To analyze the data, we used generalized linear mixed-effects models (GLMM) to avoid pseudoreplication by accounting for multiple responses measured for the different individuals and to handle non-normally distributed data by using link functions and exponential family distributions (e.g., binomial). We applied the GLMM with a binomial error structure to test our hypothesis regarding the differential usage of single gestures and their combinations with facial expressions by analyzing the context in which these were used and the combined effect of these factors on the response behavior of the recipient. We used the response of the recipient as response variable, which was binarily coded as affiliative or non-affiliative. As the factors gesture, facial expression and context have multiple levels, we included the combination of the three factors per data point as a random effect into the model (see Raw Data file provided with this manuscript for the model formula). To test for a possible effect of signal combination and context on the recipient’s response, we compared two models, one with the combination included and one without, by using a likelihood ratio test (LRT; Barr et al., 2013; Dobson & Barnett, 2008), available as R function “anova,” package “stats.”
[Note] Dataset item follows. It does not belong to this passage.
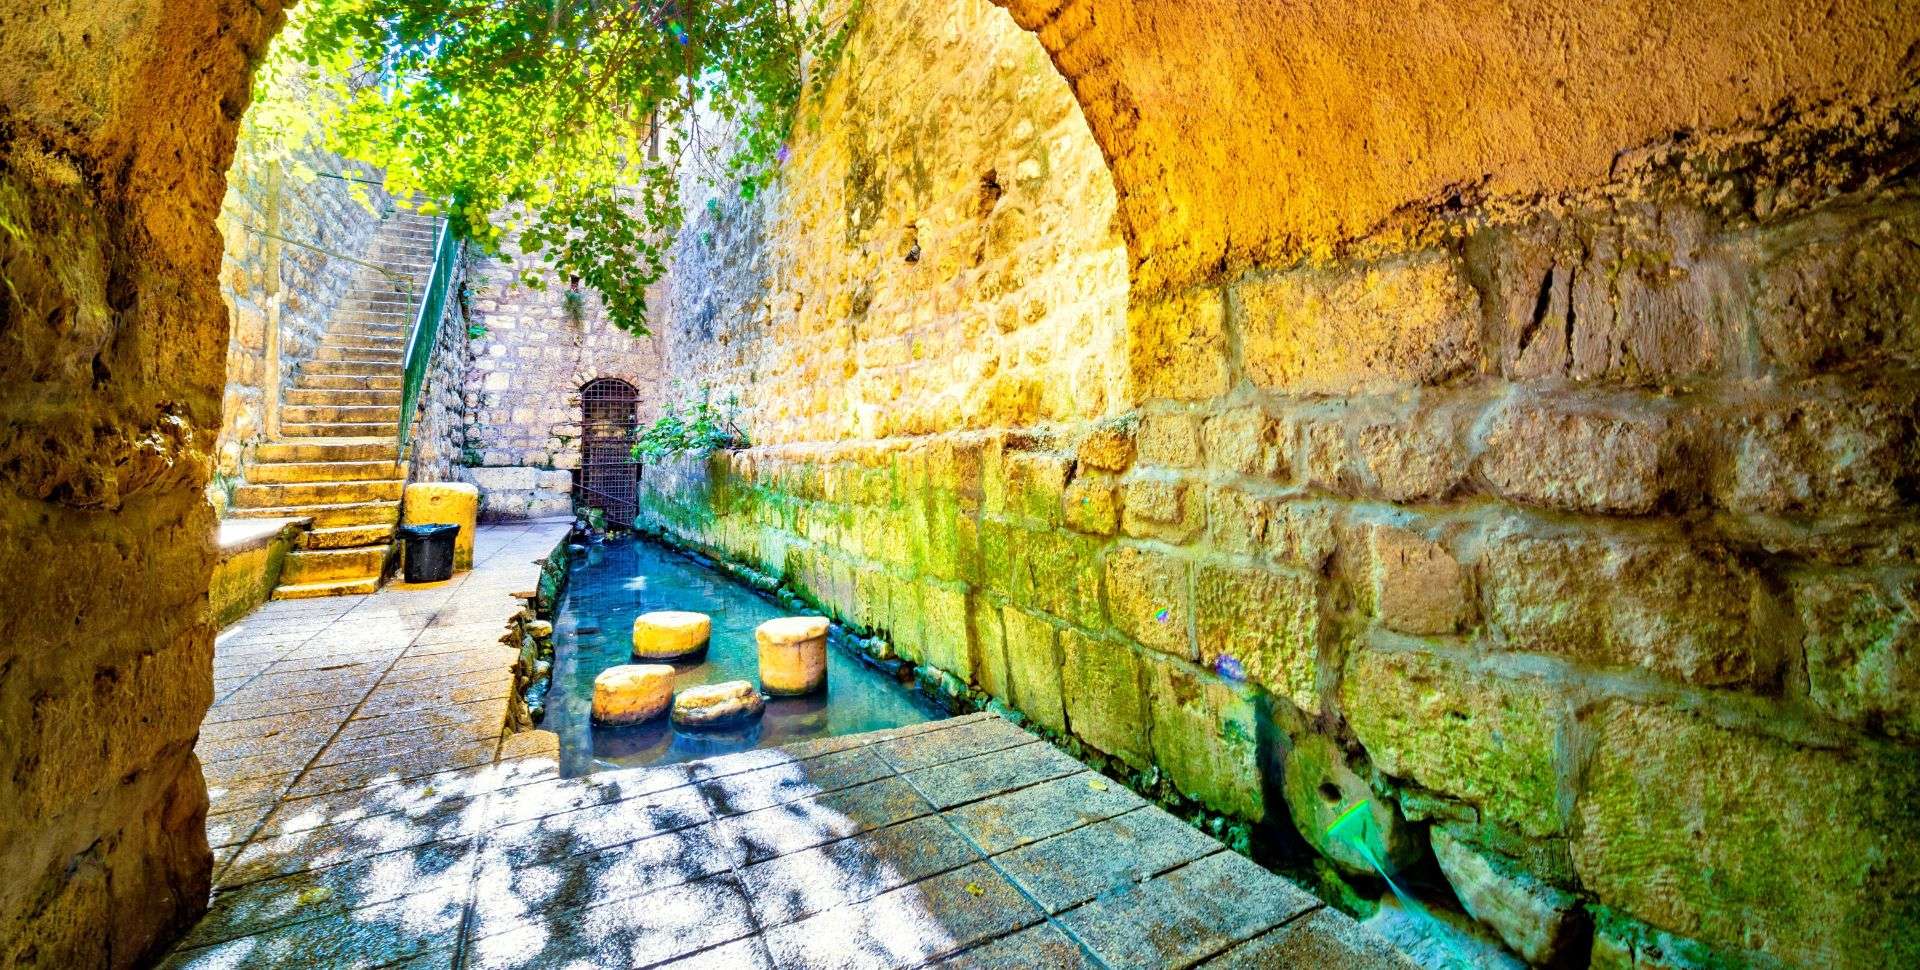 צילום של בואו לחוויה היסטורית מרגשת בעיר דוד - המקום בו נולדה ירושלים!

Additionally, we included the sex of the initiator and recipient, the rank relationship of the interacting individuals (whether the single signal or combination was directed toward a lower or higher-ranking individual) and the chimpanzee group (1 vs. 2), as well as the year of data collection (2015 vs. 2016) to control for an influence of the changed group composition. Furthermore, to control for pseudo-replication due to repeated sampling from the same individual, we included the IDs of the dyad in addition to the initiator and recipient as random factors into the model (Crawley, 2002). We fitted the model in R Development Core Team (2017) using the function “glmer” from the R package “lme4” (Bates et al., 2015). As we were mainly interested in the random effect “signal combination,” we checked the assumption of a normally distributed variance of the random effects and found no violation. To secure model validity with regard to the fixed effects, we additionally checked the model stability by excluding each level of the random effects one at a time from the data set and compared the model estimates derived for these data with those derived for the full data set. This indicated no influential cases. We also calculated variance inflation factors (VIF; Field, 2005) using the function “vif” of the R-package “car” (Fox & Weisberg, 2018) applied to a standard linear model excluding the random effects, which revealed no collinearity in the data (largest VIF = 1.497). We considered p-values ≤ 0.05 to be significant and p-values > 0.05 and < 0.1 as trend.


The data set consisted of a total of 252 events. From these, 103 events (41%) were observed in group 1 and 149 events (59%) in group 2. From the total of 252 instances, 70 (28%) gestures occurred with a neutral face. The remaining 182 instances (72%) represented combinations of a gesture with a facial expression (31 bared teeth facial expressions; 77 funneled lip expressions). From all events, in 142 (62 in group 1 and 80 in group 2) instances (56%) the SG gesture was used and in 110 (41 in group 1 and 69 in group 2) instances (44%) the BG gesture was used.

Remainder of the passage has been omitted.